# Platzt die Traumhochzeit von Albert und Charlene?



## Stefan102 (29 Juni 2011)

Image Hosting at TurboImageHost.com​
Gibt es bald schon wieder eine geplatzte Hochzeit? Nachdem fünf Tage vor der Trauung für Hugh Hefner (85) und Crystal Harris (25) das Liebes-Aus kam, steht Gerüchten zufolge jetzt auch die royale Hochzeit von Fürst Albert II (53) und Charlene Wittstock (33) auf der Kippe!

Nach der Traum-Hochzeit von Prinz William (29) und seiner Kate (29) im April blickt die Welt eigentlich gespannt nach Monaco, wo die nächste königliche Hochzeit Anfang Juli stattfinden soll.
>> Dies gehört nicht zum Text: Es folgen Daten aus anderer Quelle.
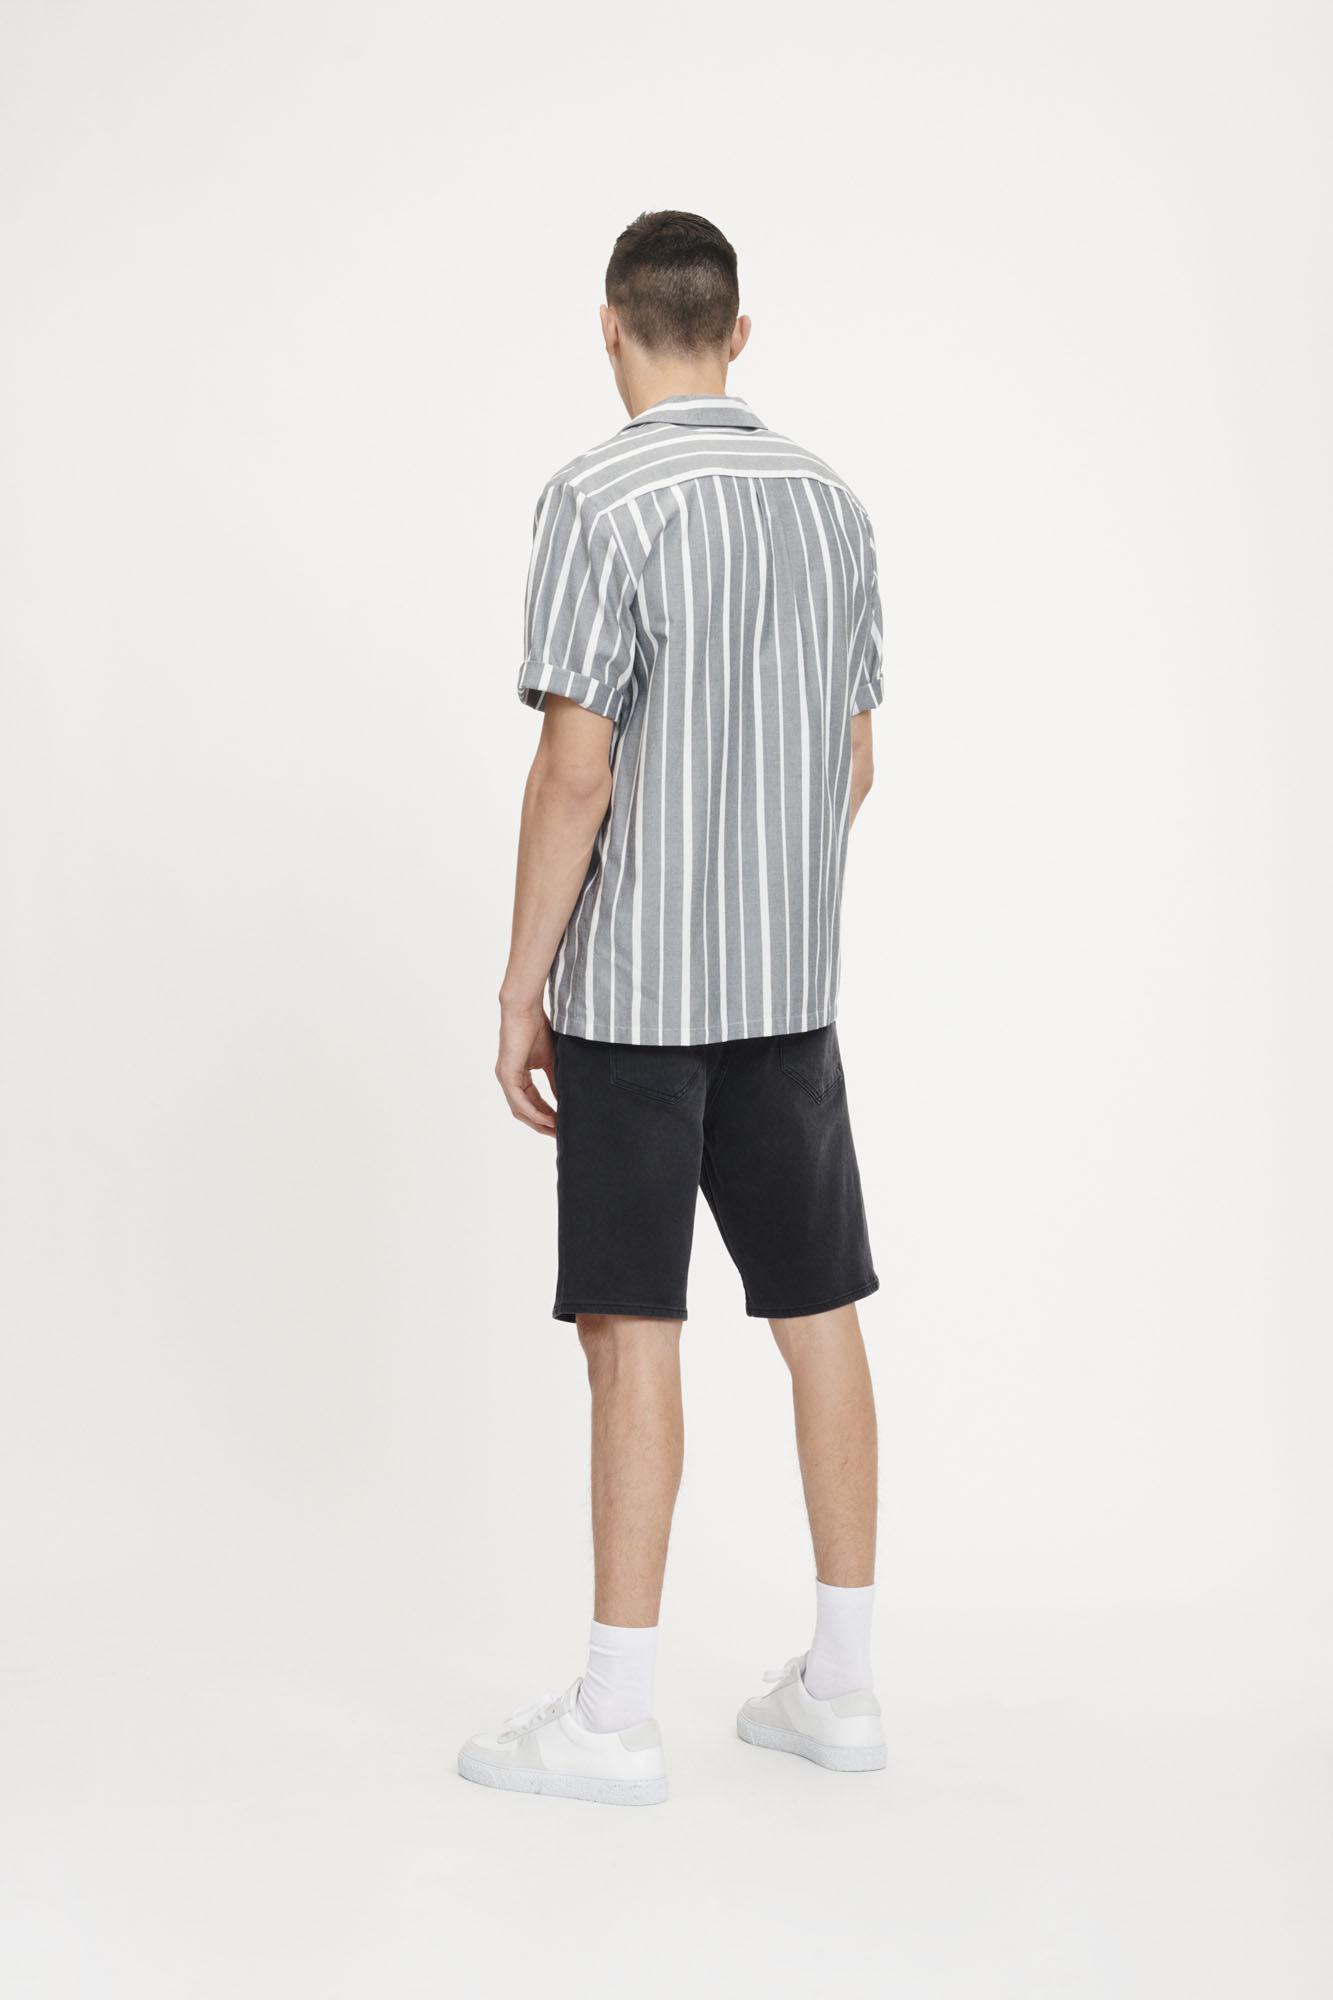 Oscar AX shirt 10923

Nun sorgt die Braut so kurz vor der Trauung allerdings für großes Aufsehen: Charlene soll sich ein One-Way-Ticket nach Südafrika gebucht haben! Laut L'Express sei sie am Flughafen in Nizza von der französischen Polizei, auf Befehl des monegassischen Fürstenhauses hin, aufgehalten worden, als sie ihre Reise ohne gebuchten Rückflug antreten wollte. Was das wohl zu bedeuten hat? Eine verbreitete Mitteilung aus Monaco wehrt sich vehement gegen die bösen Mutmaßungen, dass Charlene kalte Füße wegen der Vaterschaftsgerüchte um Albert habe: „Diese Gerüchte haben nur das Ziel, den Ruf des Fürstenhauses zu beschmutzen und dem glücklichen Ereignis schweren Schaden zuzufügen“, steht in dieser.
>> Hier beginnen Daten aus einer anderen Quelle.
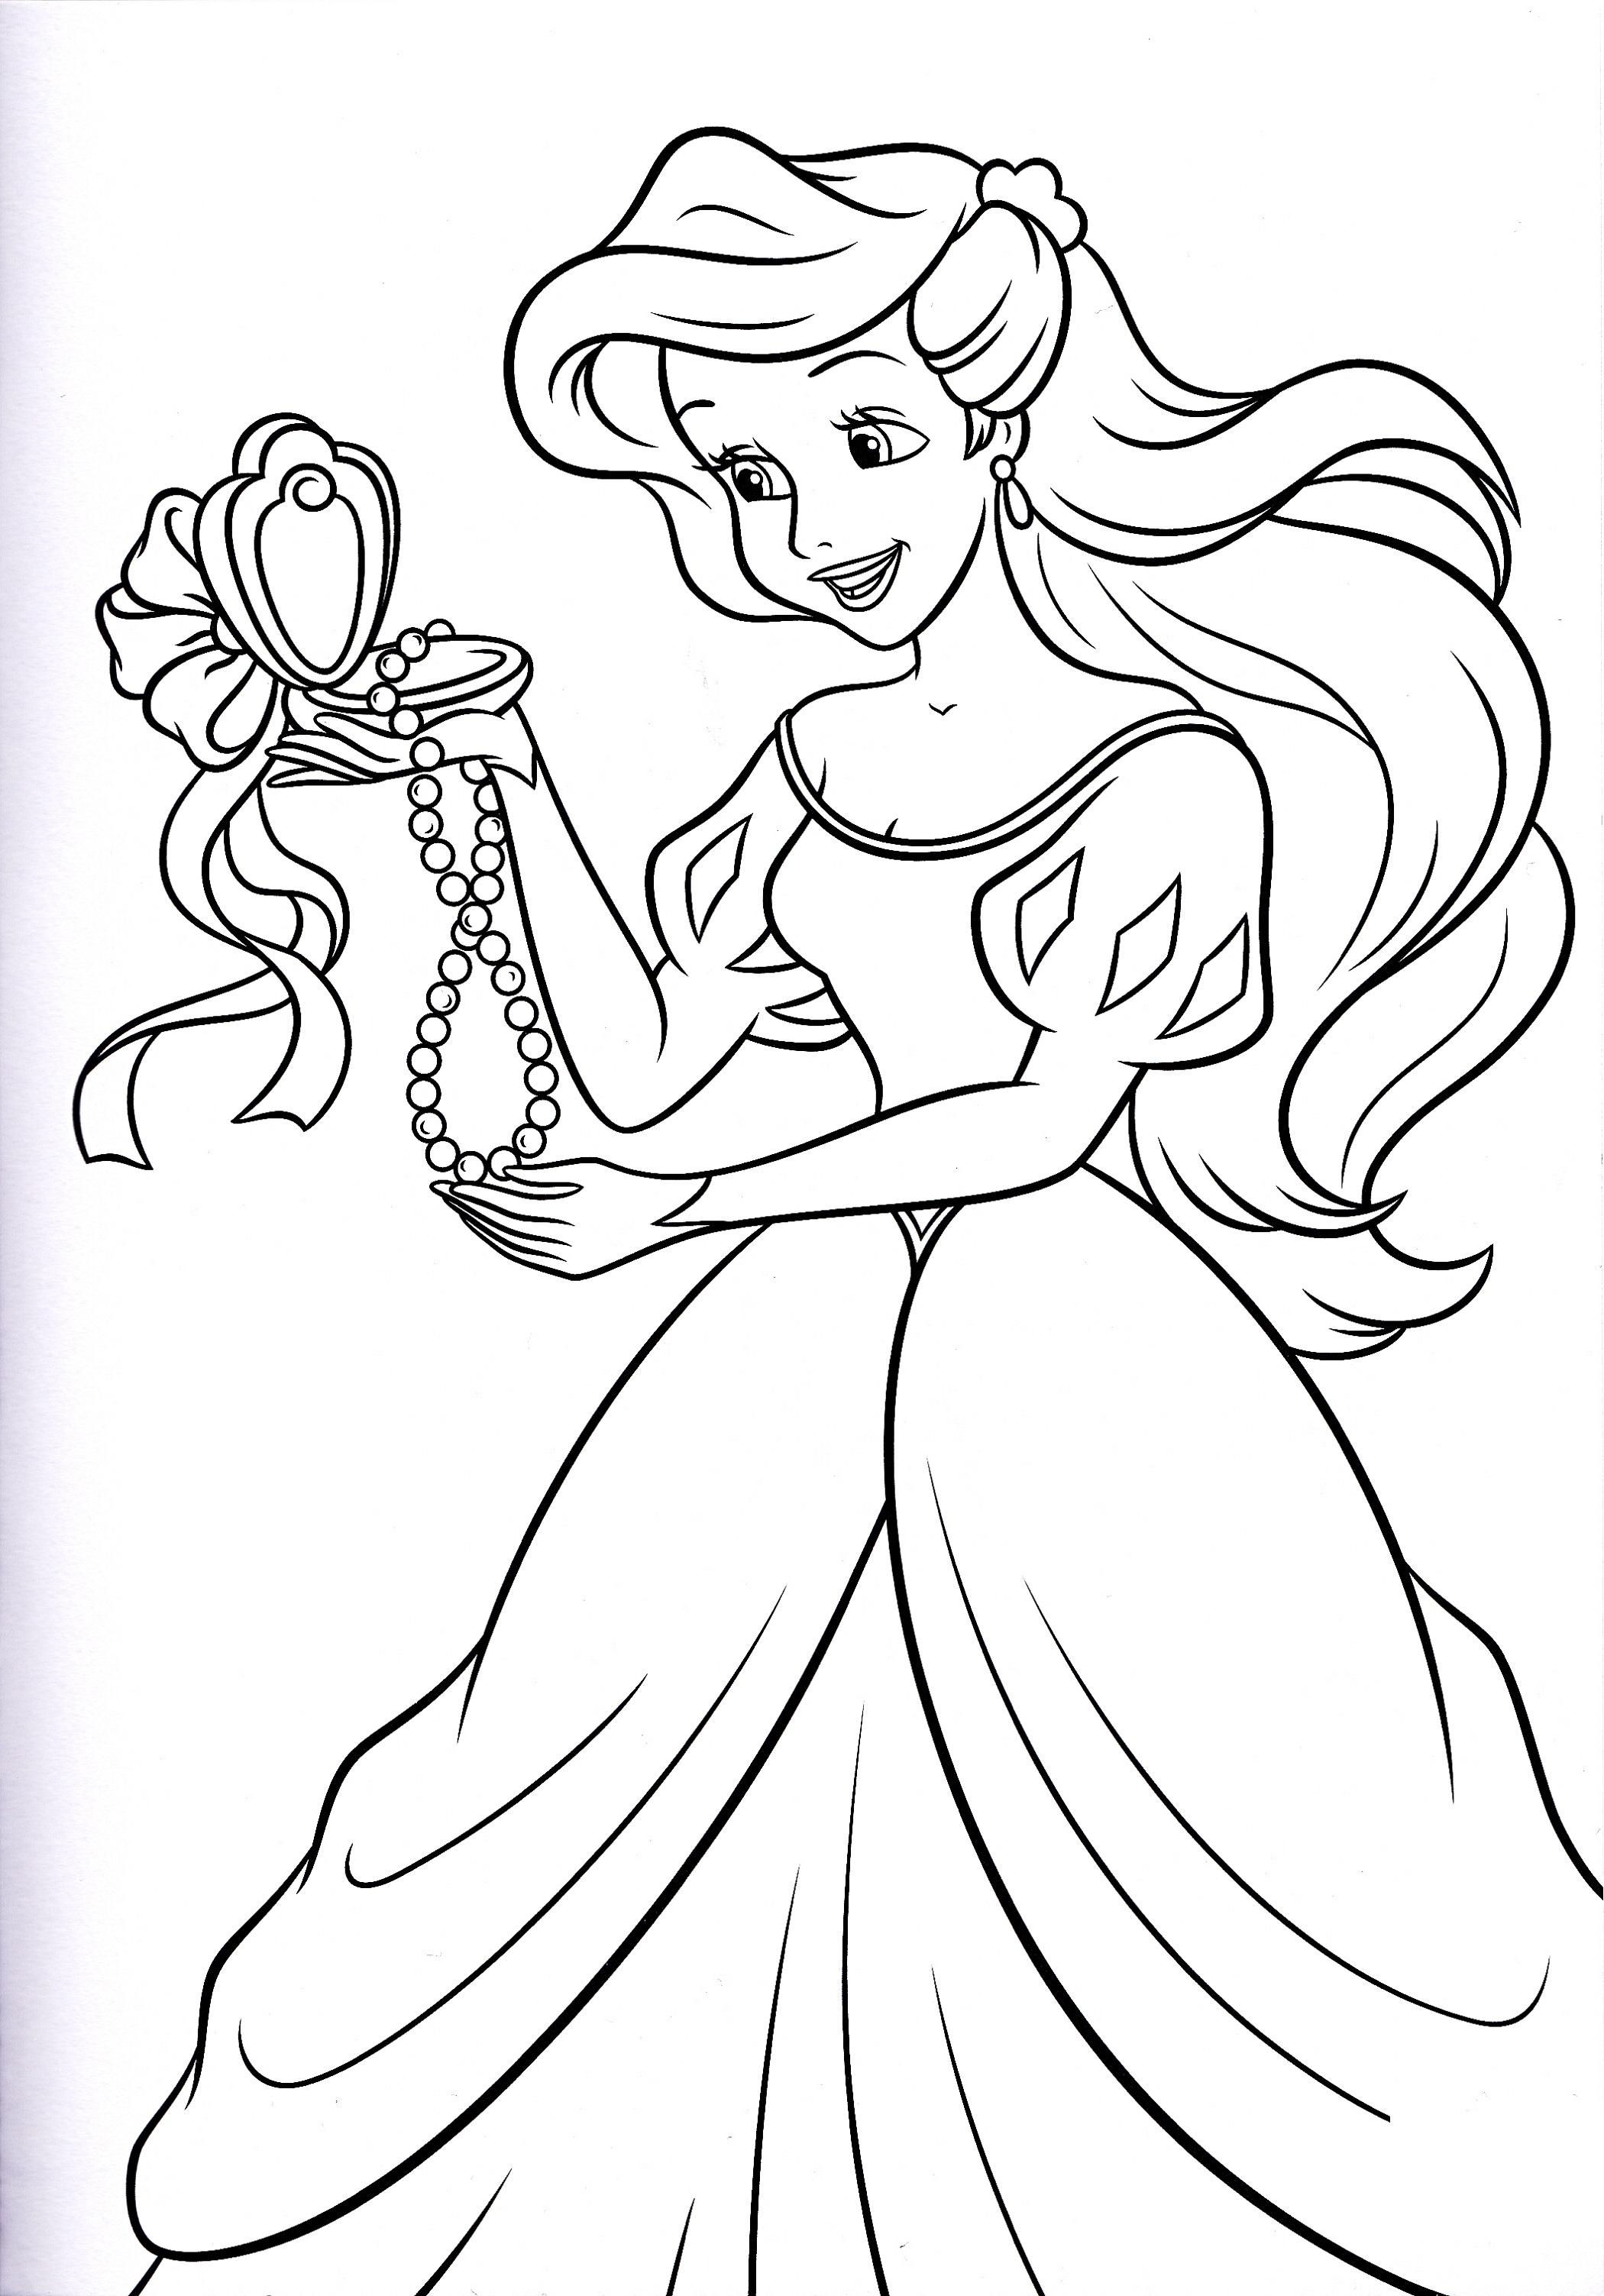 disney princess coloring pages 5

Nach der letzten abgeblasenen Hochzeit hoffen wir sehr, dass diese Spekulationen wirklich nur Gerüchte sind. Wir wünschen Albert und Charlene jedenfalls alles Gute und warten gespannt auf den 2. Juli!


----------



## Franky70 (29 Juni 2011)

Auf Bildern mit ihm sieht sie eher selten glücklich aus (siehe oben).
So ein Leben im goldenen Käfig will aber auch gut überlegt sein.


----------